Von Nerven und Falten

Es gibt Tage, da hab ich mein Tageskontingent an Nerven bereits am frühen Morgen verbraucht. Etwa wenn die beiden Großen sich schon vorm Frühstück raufend in den Haaren liegen, der Kleine das Milchglas vom Tisch fegt, ich mich beim Wegräumen an den Scherben schneide, in der Zwischenzeit das Brot im Toaster verbrennt und es die Heidelbeermarmelade auf wundersame Weise (das ist selbstverständlich ironisch gemeint) bis zur cremefarbenen Couch geschafft hat (ja, eh, selbst Schuld, wer sich ein Sofa mit dieser überaus kinderkompatiblen Farbe zulegt) und zuguterletzt drei Kinder gleichzeitig auf die Toilette müssen. Nein, nicht für kleine Jungs.
Daher: Verurteilen Sie nie eine Mutter, die leicht derrangiert daherkommt: Sie hat mit Sicherheit ihre verdammt guten Gründe dafür! Und dann gibt es Tage, da könnt ich einfach zusammenbrechen – und zwar vor Lachen mit den und über die Jungs.
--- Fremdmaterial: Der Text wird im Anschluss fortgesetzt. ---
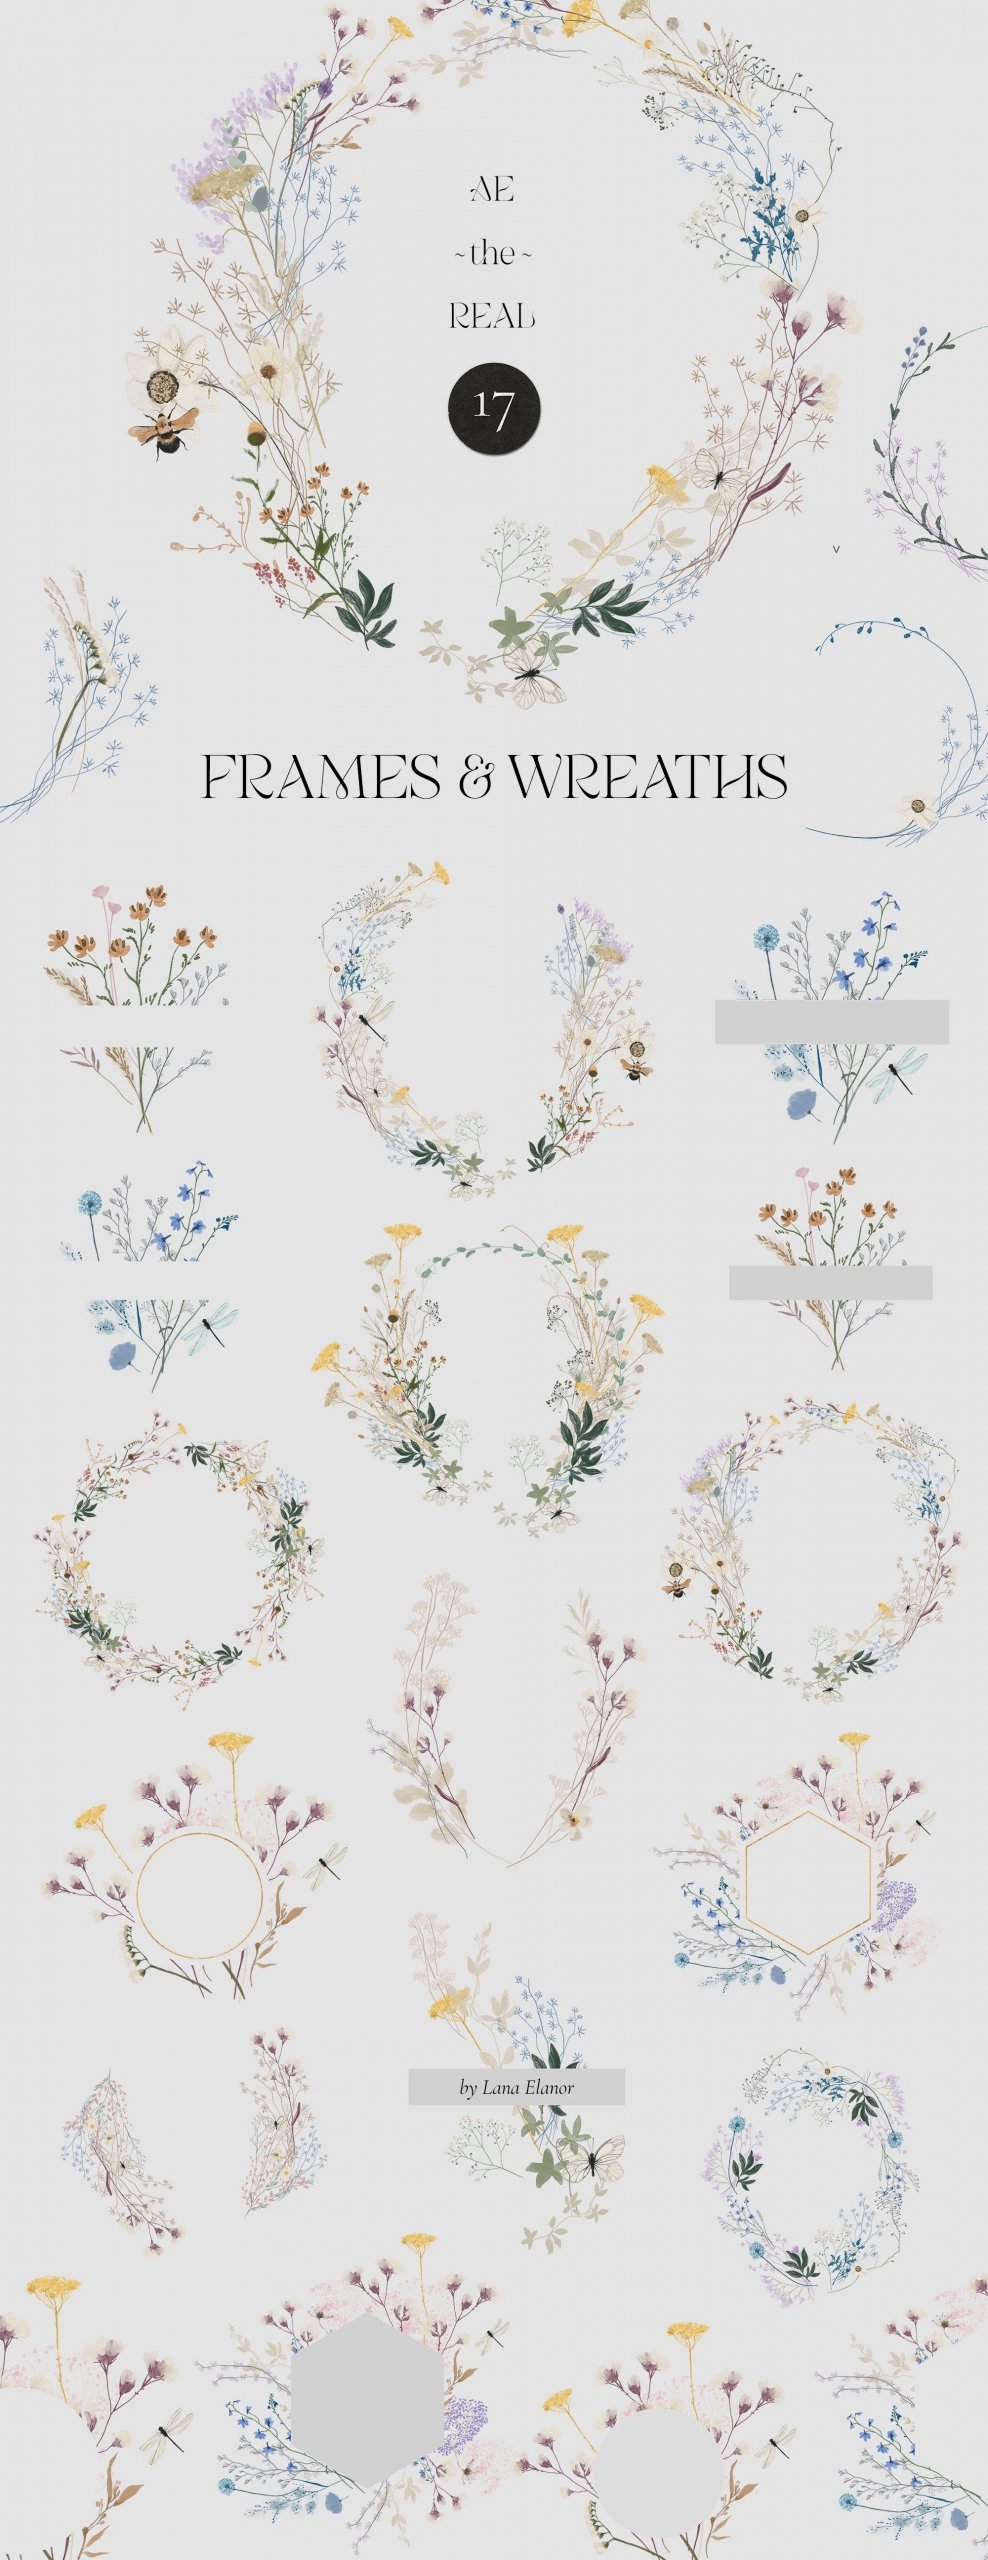 Aethereal Fragile Wild Flowers Art

Alleine, welche Sprüche der Nachwuchs öfter klopft! Jüngste Meldungen wie „Mama, wenn du alt bist, bist du dann meine Oma?“ (Überlegung unseres Sechsjährigen) oder „Mama, kriegst du jetzt gleich die Krise?“ (Sohn, 2 Jahre) sorgen für viele sonnige Momente im Mama-Leben.
Regelrecht vor Lachen vom Sessel gefallen bin ich aber, als mir Folgendes erzählt wurde: Die kleine Tochter einer Freundin bemerkte, mit Blick auf die nackte Brust ihrer Mutter (drei Kinder, sie hat alle gestillt), trocken: „Goi, Mama, dein Busen ist tot!“ Ja, Kinder hinterlassen so ihre Spuren. Am liebsten sind mir da aber doch noch die Lachfältchen!